By the way, the credibility of your comments is directly related to the evidence that you've bothered to read the entire thread.
 
Eight-year update. You only need to read this post and the previous one, although some of the 2004 commentary is interesting... as is 2008-09.

The iShares small-cap value ETF (IJS) has been on a tear lately, reaching highs not seen since 2007 (and we all remember how that turned out). The shares have managed to pay a fairly consistent 1.2%-1.3% dividend over the years, too, so the reinvested shares now make up about 10% of the total.

Their after-tax APY is back up to 5.9%, handily beating the original mortgage rate of 5.5%. There were a few grim-looking years during the Great Recession, but there were also some great reinvested dividends.

In real life our mortgage has been refinanced a couple times to its current rate of 3.625%. I never saw that coming in 2004. This one won't be paid off until I'm 80, but I'd start the mortgage clock all over again if I could get another great deal.

As for the next 22 years, I don't know whether to cheer for high share prices (and capital gains) or low share prices (with reinvested dividends). It looks like the long-term probabilities are going to eke out a profit over the sequence of returns.
 
10-year update: 8.18% APY.

Read post #101 (two posts above this one) for the details of the analysis-- including the fine print. If you haven't been here for all ten years then it might even be worth your time to scroll back to the first post of this thread.

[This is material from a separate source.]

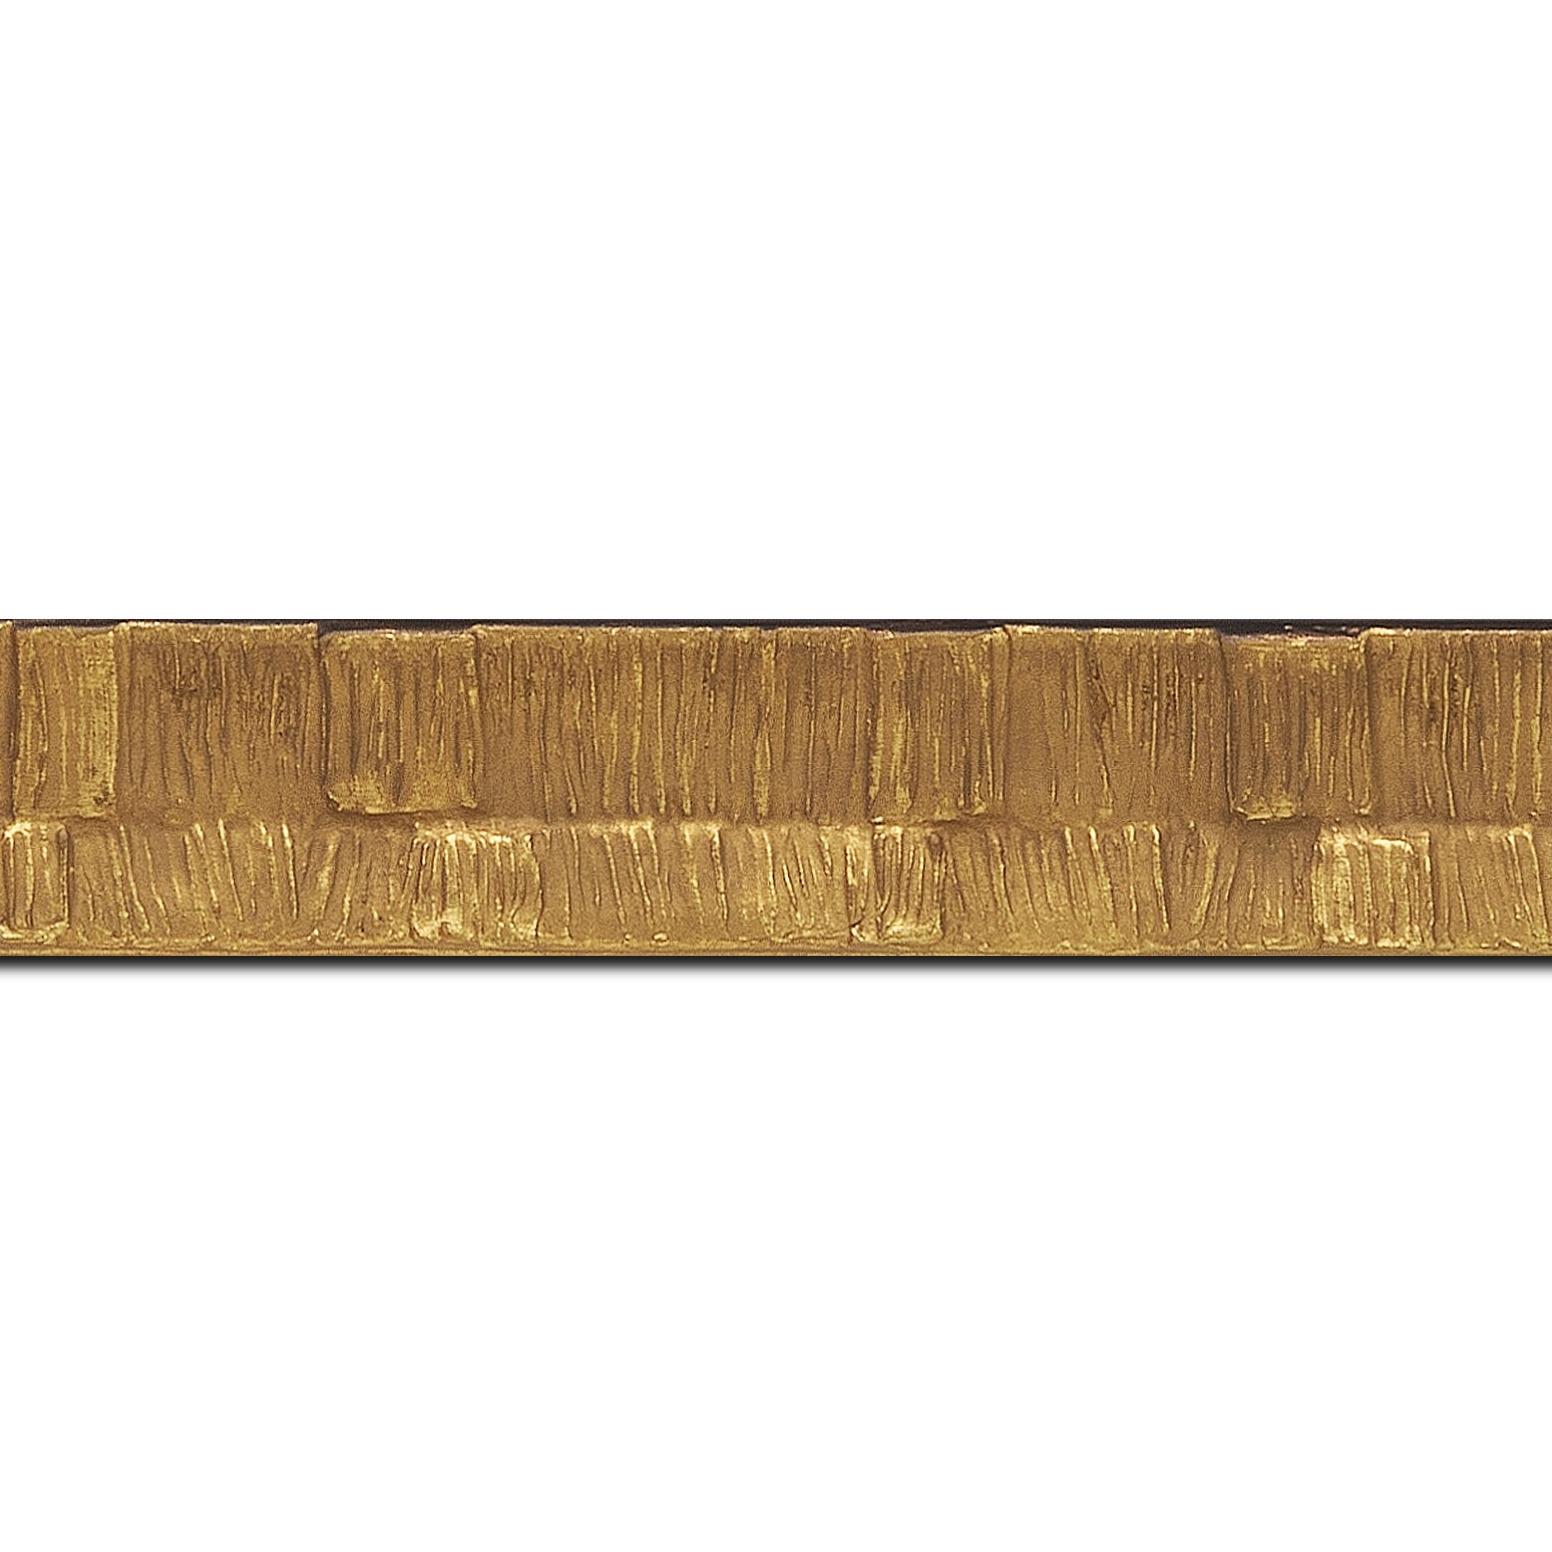 Baguette longueur 1.40m bois profil incurvé largeur 3cm  couleur or finition ethnique

As we all know by now, one of the greatest risks to a retirement portfolio is the sequence of returns during the first 10 years of withdrawals. Mortgage arbitrage is probably subject to the same performance risks, and if so then this time it's beating the sequence-of-returns risk.

Today the interest rate on our (refinanced) mortgage is 3.625%. The equity premium is nearly 4.5%. Even if inflation runs at 3% we'll still be well ahead of the race.

One last disclaimer: I had a 20-year military career with reliable income, and now I have a reliable pension. That annuity income gives me the chance to maintain a high-equity portfolio (over 90%) and to engage in this highly risky mortgage arbitrage. This might also be a once-in-a-lifetime opportunity. If you're going to try this at home then be aware that it's volatile as well as financially risky.

I'm going to cap off this thread on this forum. I'll respond to comments here, but I'm going to restart the subject at MrMoneyMustache.com and eventually turn it into a blog post.
 
I do a similar comparison of our 15 year cash out refinance mortgage rate of 3.375% to the portfolio investment return of 10.60% per annum from our refinancing date to today. The investment return is from a Quicken investment performance report. AA is 60/34/6 stocks/fixed income/cash. Things would have to go sideways in a big way for me to lose on the arbitrage. Since my mortgage is only about 10% of our net worth it isn't a huge bet for me.